On that March afternoon, Clay returns home from playing with friends in a nearby creek. Bits of mud dot his long, baggy shorts and his sneakers as he walks into the family’s sunroom and heads for a chair upholstered in white fabric. Laura tries to stop him from sitting down.
“Will you go change your pants for me?” she says just before he plops onto the chair. “Clayton—I just cleaned that cover.”
A rising fourth-grader at Wayside Elementary School in Potomac, Clay is like many boys his age: He loves sports, board games and riding his scooter. He’s on the swim team at the Bethesda Country Club and is particularly fond of freestyle and breaststroke. “In meets, I usually do 31:45 [seconds],” he says proudly, recounting his 25-meter swimming time. “I can do a backflip.”
“He has no fear,” Matt says.
After the accident, two days passed before Laura and Matt knew whether Clay would wake up—and whether he’d still be the same outgoing little boy with the infectious smile. During that time, family and friends arrived from the Bethesda area. Laura’s best friend, Jenny Camps, had also been staying in Bethany that week. She and her husband, Jon, had a son the same age as Clay at the time and twin daughters the same age as Maison. The two families were close—Clay and Maison called her “Aunt Jenny”—and had planned to get together for a barbecue. Camps was on the beach when she heard about the accident. When she got to the hospital, she saw Clay’s small body hooked up to tubes in the intensive care unit.
“I know it’s going to be OK,” she told Laura. “I don’t know why, but I know it’s going to be OK.”
Laura’s dad, Ron, was at the top of the Space Needle in Seattle when he got the call with the news. He told Laura when he reached her that night that he wanted to fly home, but she told him to board the cruise ship and pray there was no reason for him to rush home. Ron later told her that he went onto the ship’s deck that night and cried as he prayed: Whatever I’ve ever done, anything I’ve done, please just save this boy.
“My dad wasn’t really a God guy, and he was like, Kill me now, strike me dead. Fix this,” Laura says. “And it was the same thing I felt.”
For the first 24 hours, doctors didn’t talk to Laura and Matt about Clay’s prognosis. Instead, they explained the steps they were taking in an effort to stabilize him. “What I remember is they managed our expectations to whatever the next procedure was going to be,” Laura says.
The couple received encouraging news when a CAT scan performed in the middle of the night showed no increase in swelling. Brain swelling wasn’t the only concern, however; tests showed Clay also had developed a methicillin-resistant staphylococcus aureus (MRSA) infection from the pool water that he’d swallowed, and he had pneumonia. Clay was also wearing a neck brace because doctors didn’t know if he’d injured his neck when he fell into the pool.
By Monday, two days after the accident, Clay’s condition had stabilized enough that the doctors said they were going to reduce the flow of oxygen to test whether he could breathe without the ventilator. When doctors determined that he could breathe on his own and they could consider taking him off the ventilator, one of Clay’s nurses suggested the couple get some sleep at the hospital’s Ronald McDonald House. She wanted them rested when the doctors tried to wake Clay the next day.
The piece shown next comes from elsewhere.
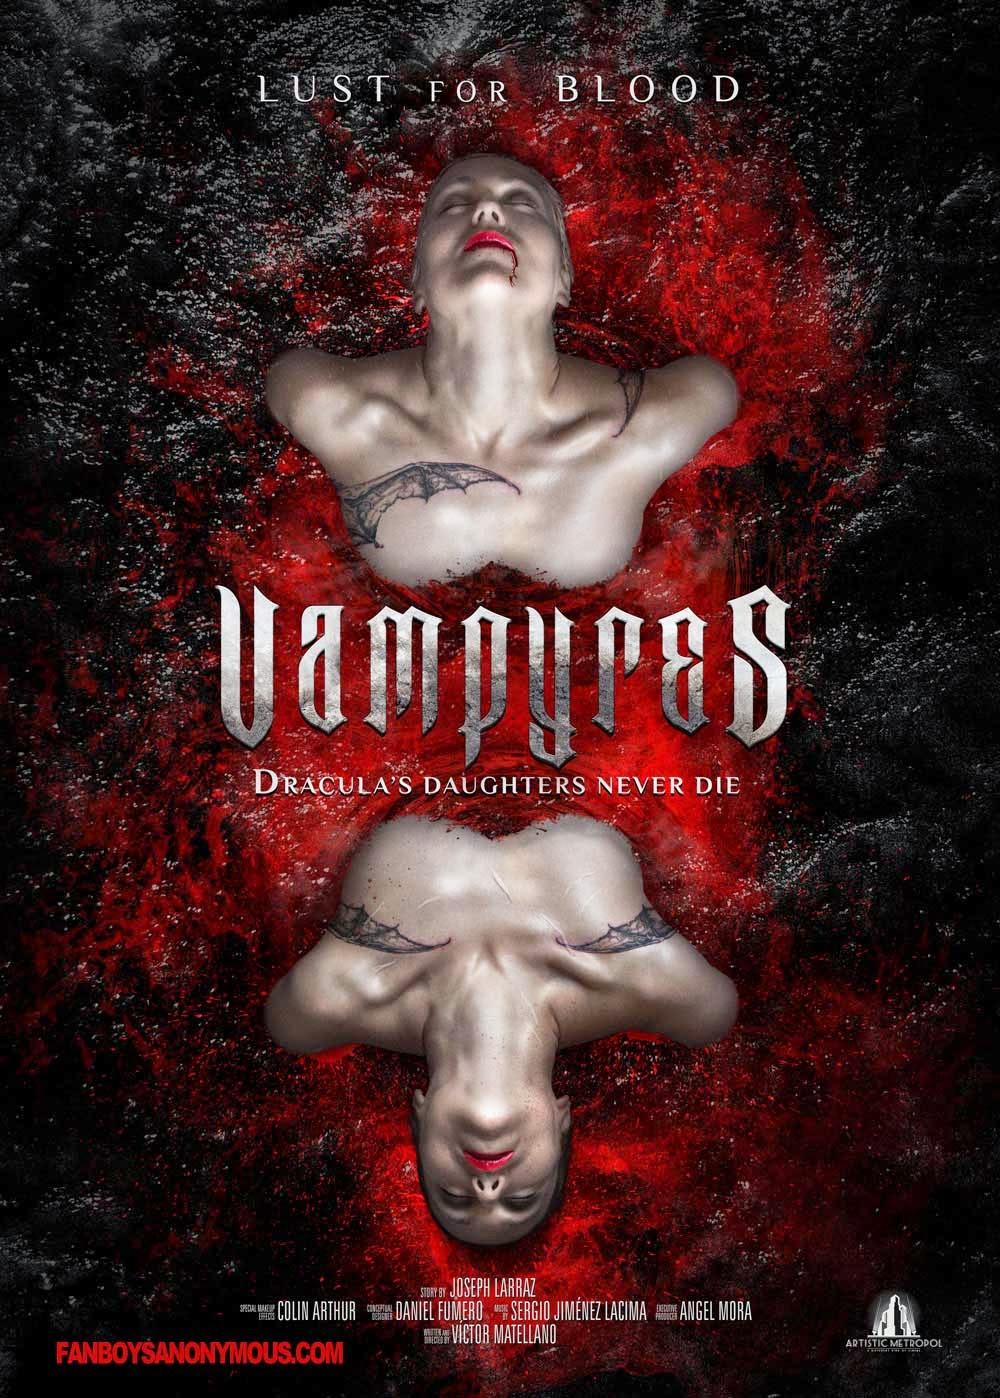 vampires art poster sexy blood horror lust sex

“It was a good thing, too, because it sort of gave you permission to leave because I didn’t want to leave, ever,” Laura says.
Back at the hospital the next day, Laura and Matt had gone to the cafeteria to get something to eat when they got the call that Clay was waking up. The couple ran to his room, and friends joined them around the bed as he stirred.
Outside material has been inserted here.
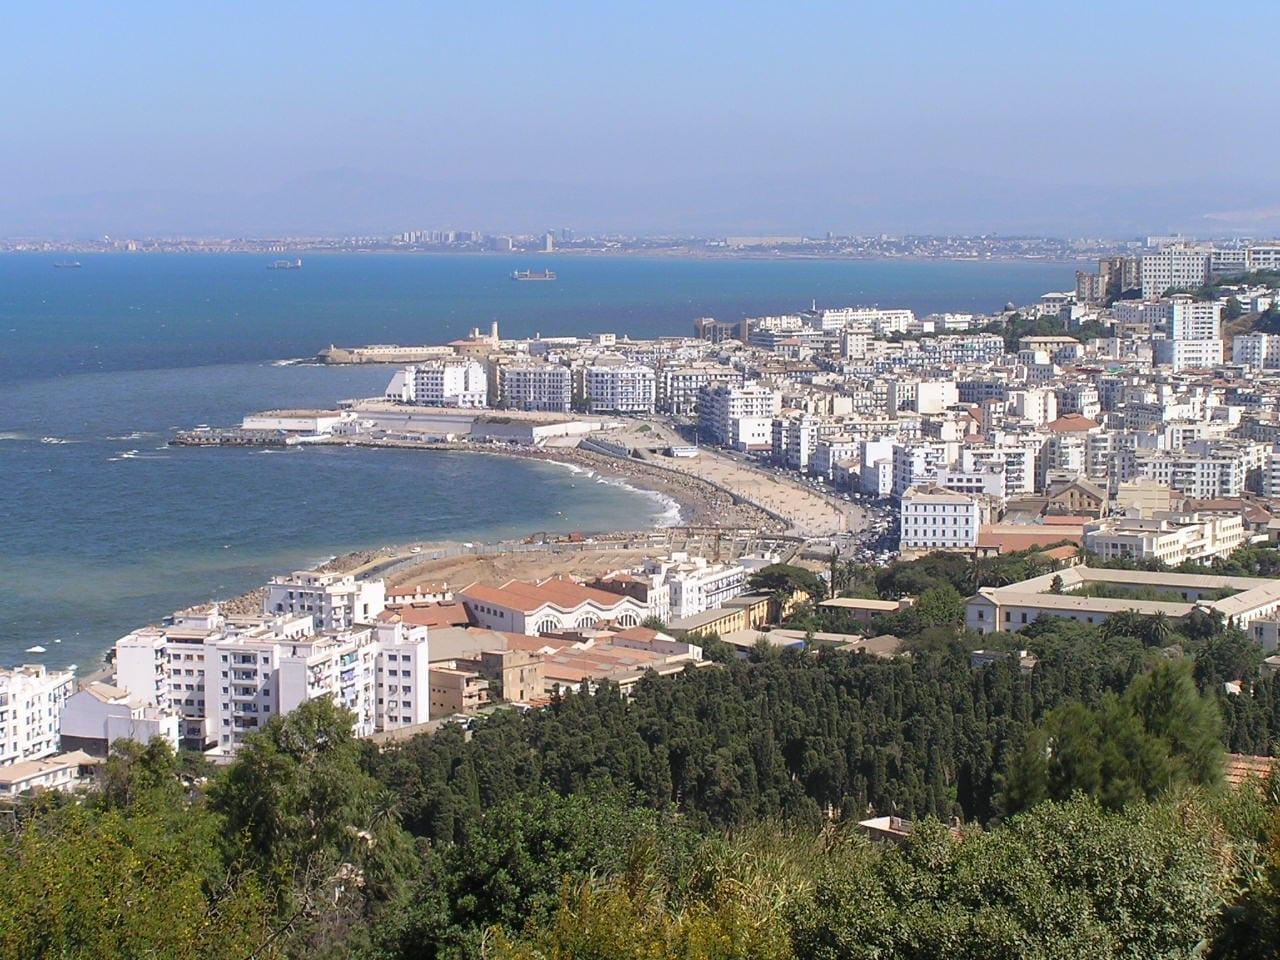 Vista de Argel Argel Argelia

Fear seized Laura as Clay looked around the room. “I don’t think he knows who we are,” she said.
Then Matt’s friend Adam spoke up. “Clay, do you see Mommy?” he asked.
“He just looked right up at me,” Laura recalls.
Over the next few days, Clay became more aware as the medication gradually wore off. He ate and watched the Disney movie Finding Nemo on TV. He was moved out of the ICU, but quarantined in another room because of the MRSA infection. Having been asleep for three days, Clay couldn’t sit still in bed. “He was like a monkey, once he sort of got his legs about him,” Laura says.
As Clay improved, Laura and Matt’s worries shifted from whether he would live to whether his brain had been damaged when he was underwater. Doctors had begun testing him slowly and there had been good signs. For one test, they asked Clay to identify a group of objects. “He called a spoon a fork and a knife a spoon or something, so they were like, he’s in the right area, but he’s mixing this up,” Laura says.
Laura and Matt were told that only time would tell whether the lack of oxygen would have residual effects. “The doctor said, ‘He knows who you are, he knows who he is. Is he going to have some learning issues in second grade? He had a traumatic brain injury. What is that going to look like, I don’t know,’ ” Laura says.
Once Clay’s MRSA infection cleared up, he was outfitted with a heart monitor and cleared to leave the hospital. Laura and Matt took their son home to Potomac.